- Exercise instructions:
Without the pictures, write the listing below out again, line for line.

- Source data:
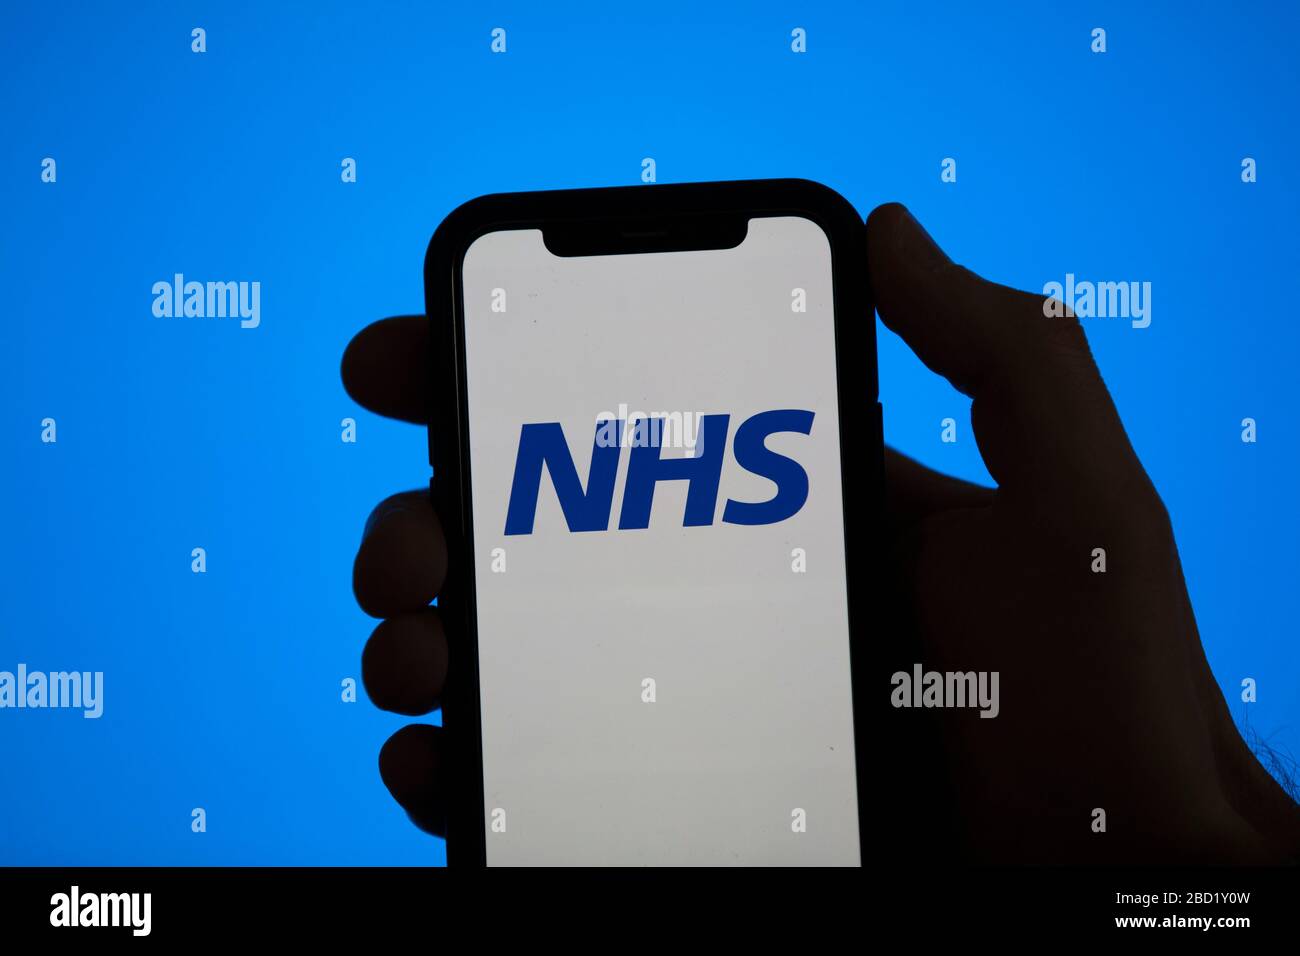 LONDON, UK - April 6th 2020: NHS National health service logo on a smartphone Stock Photo
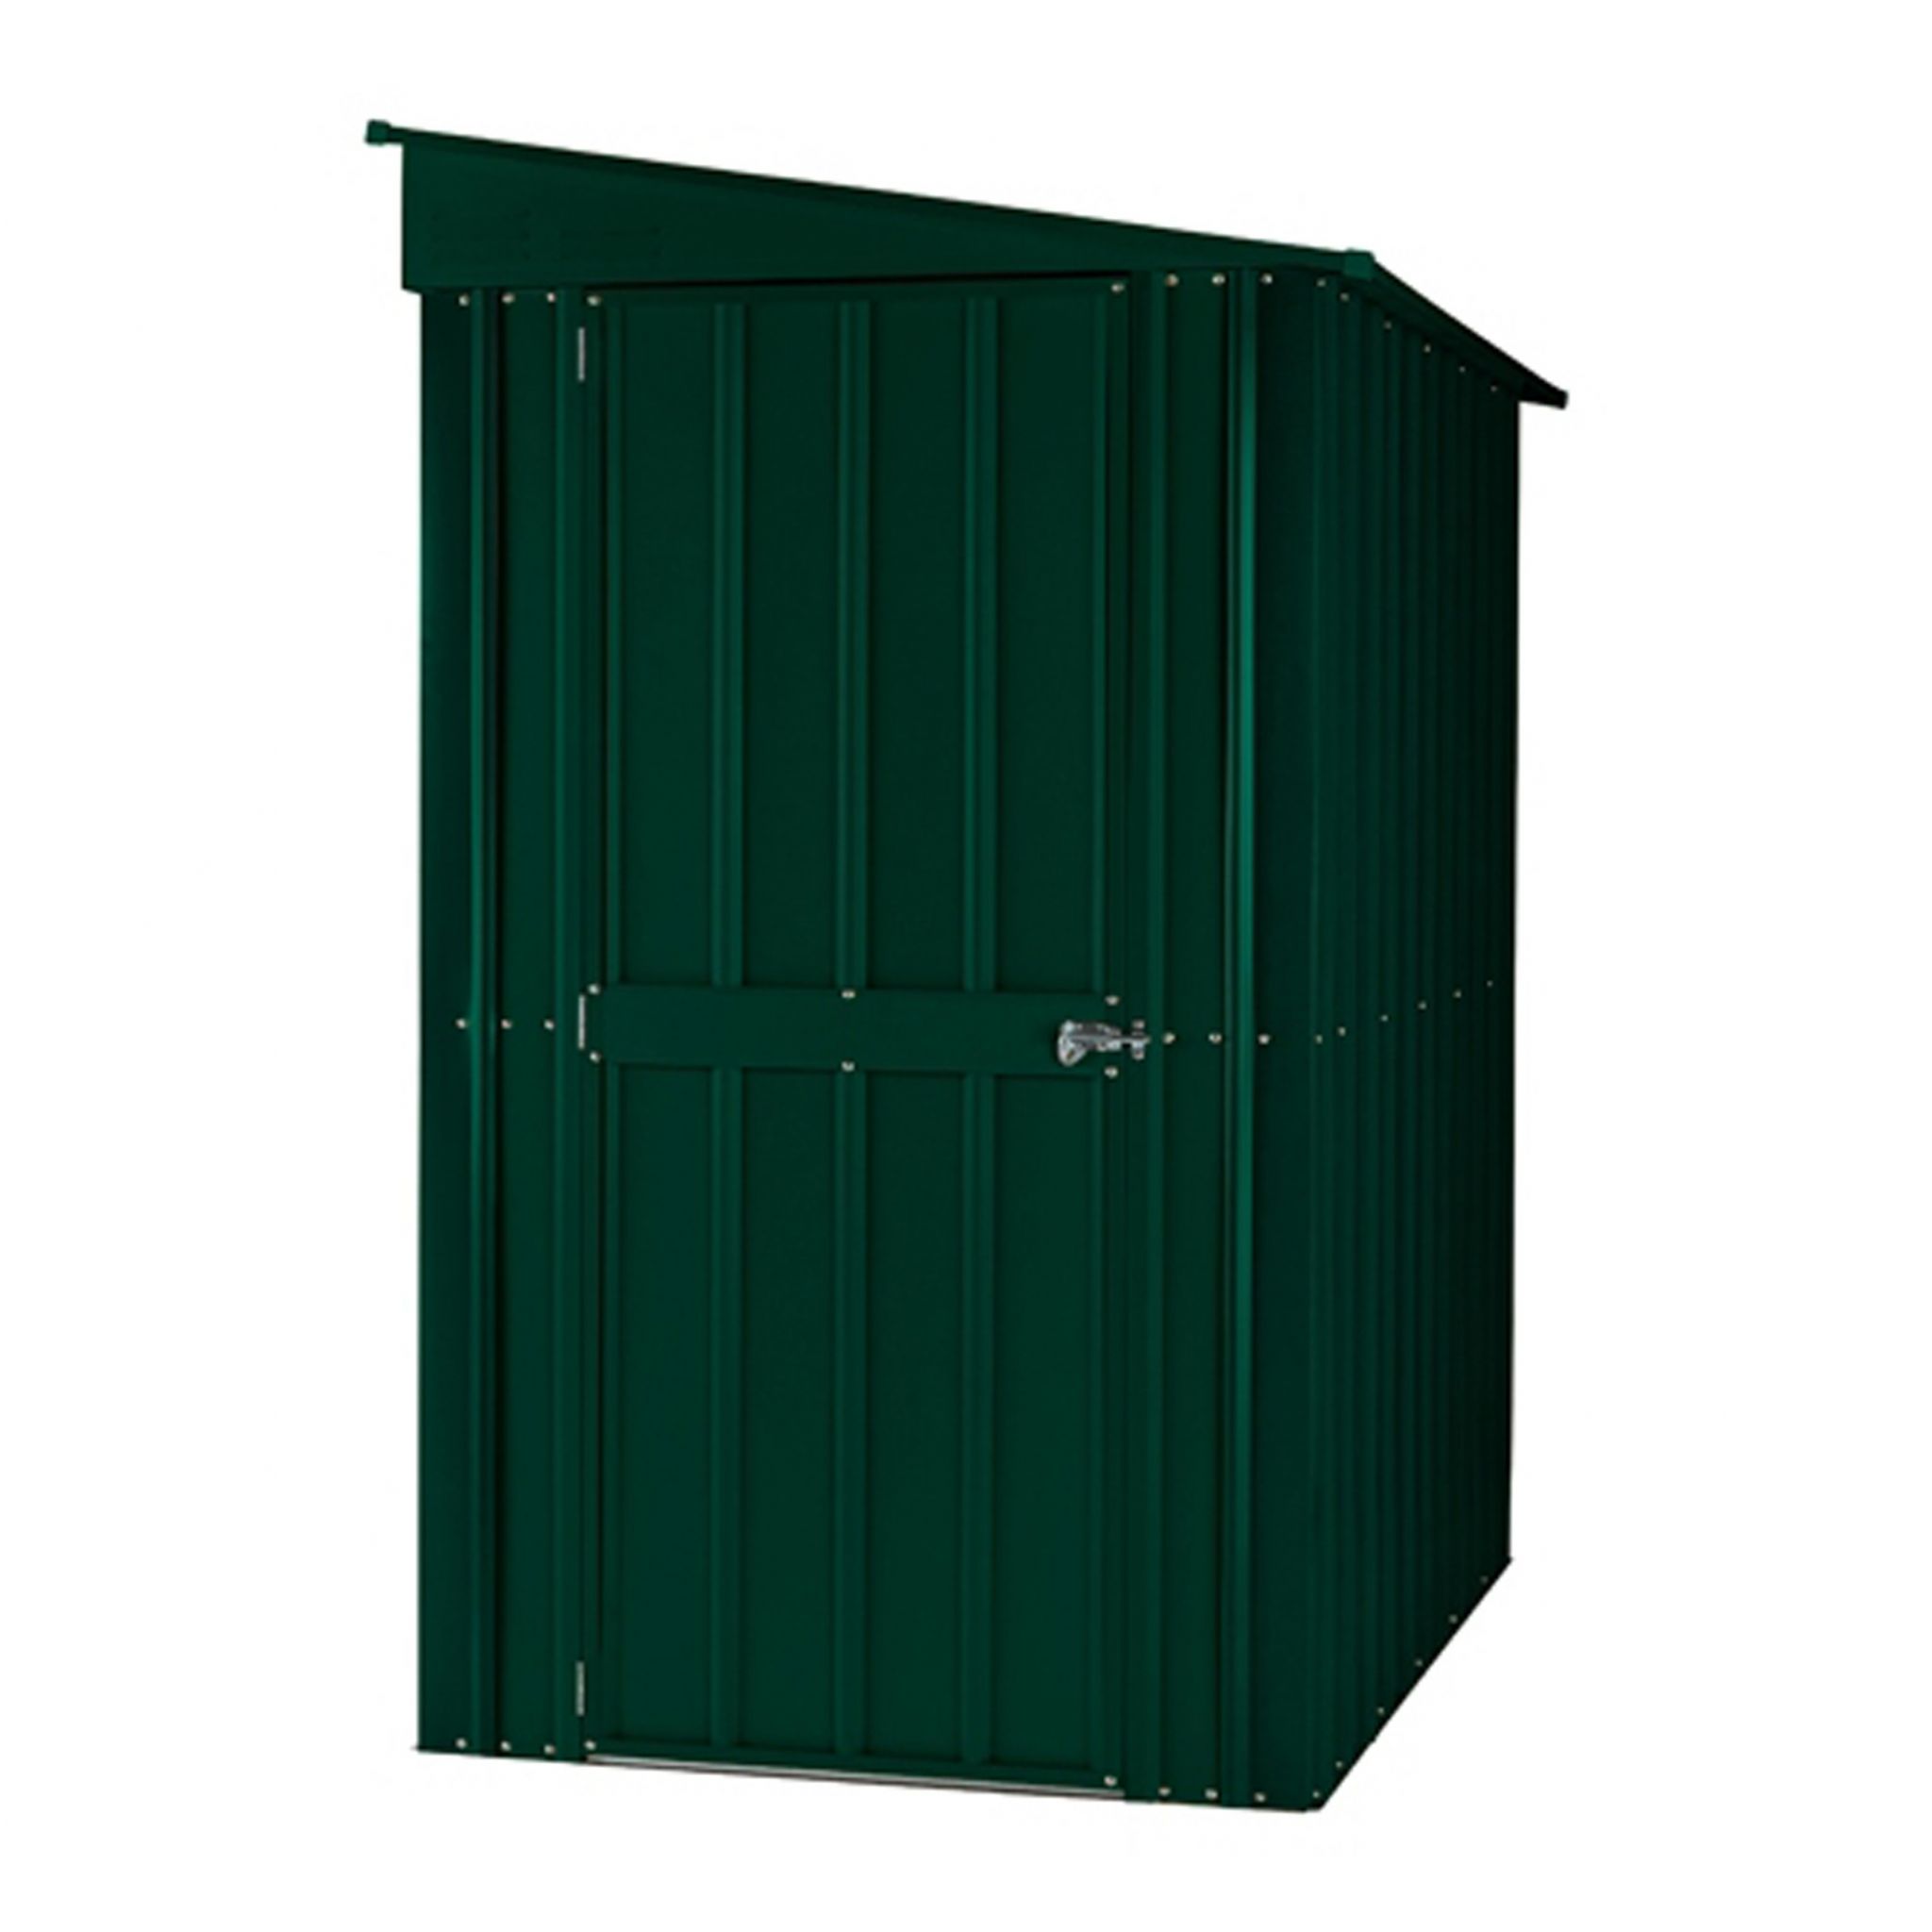 Featured image for “Globel® Lotus™ Lean-To 4x6 Steel Shed”
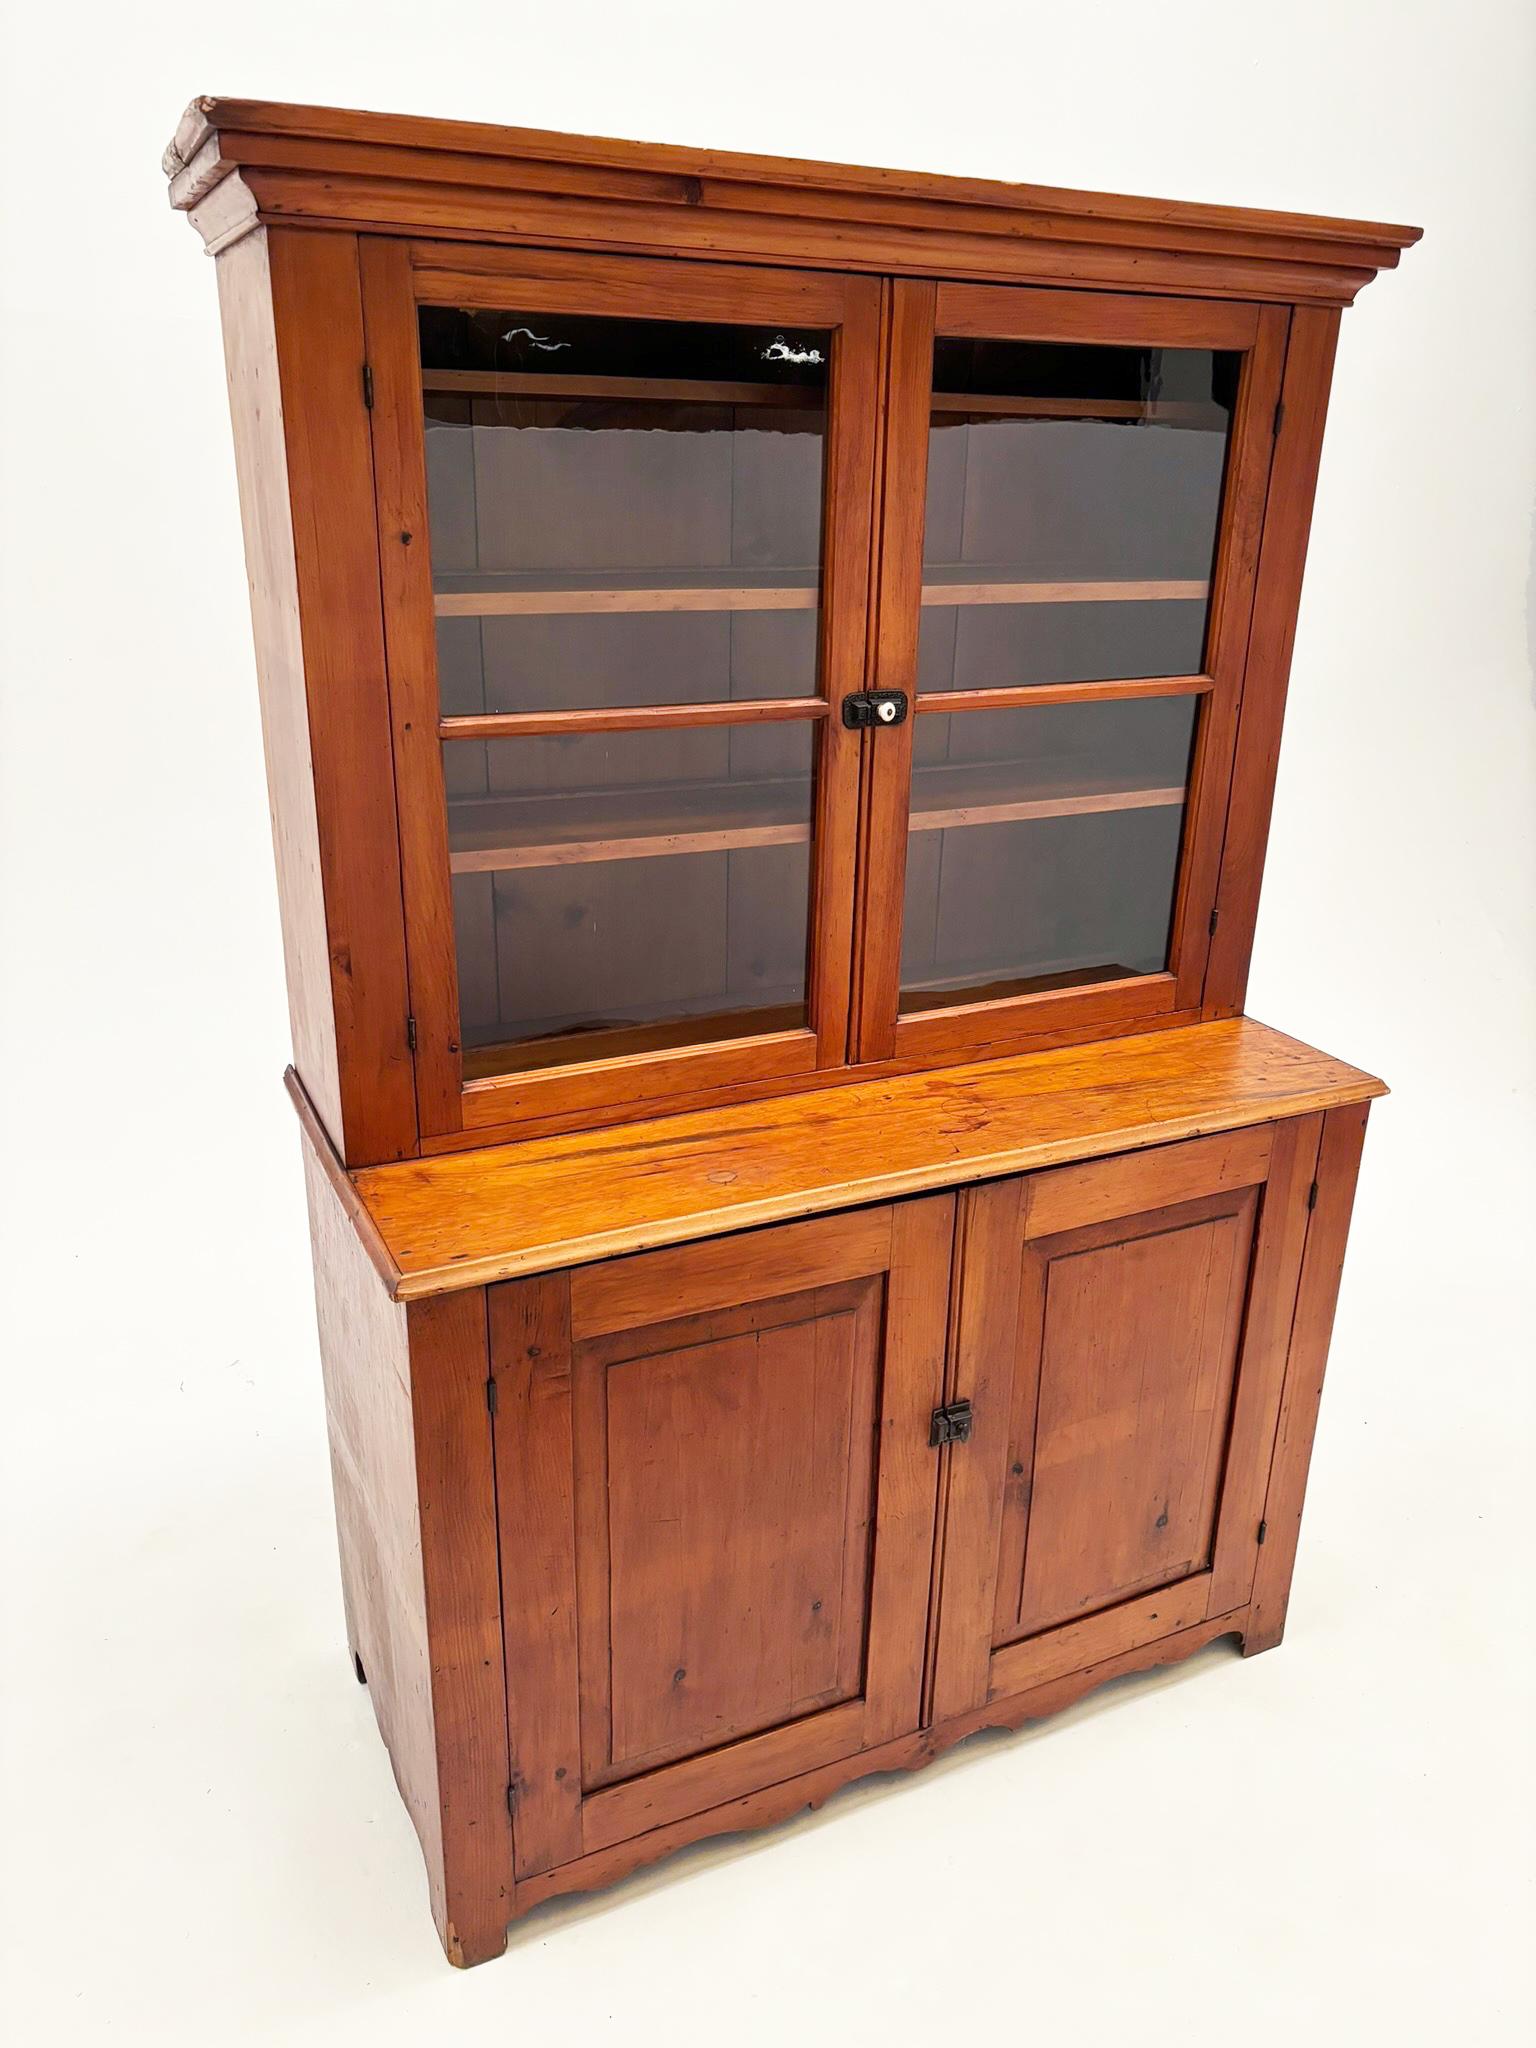 Primitive Early 1800’s Pennsylvania Dutch Pine Country Cupboard with Wavy Glass Doors For Sale

- Solution below:
 LONDON, UK - April 6th 2020: NHS National health service logo on a smartphone Stock Photo
 Featured image for “Globel® Lotus™ Lean-To 4x6 Steel Shed”
 Primitive Early 1800’s Pennsylvania Dutch Pine Country Cupboard with Wavy Glass Doors For Sale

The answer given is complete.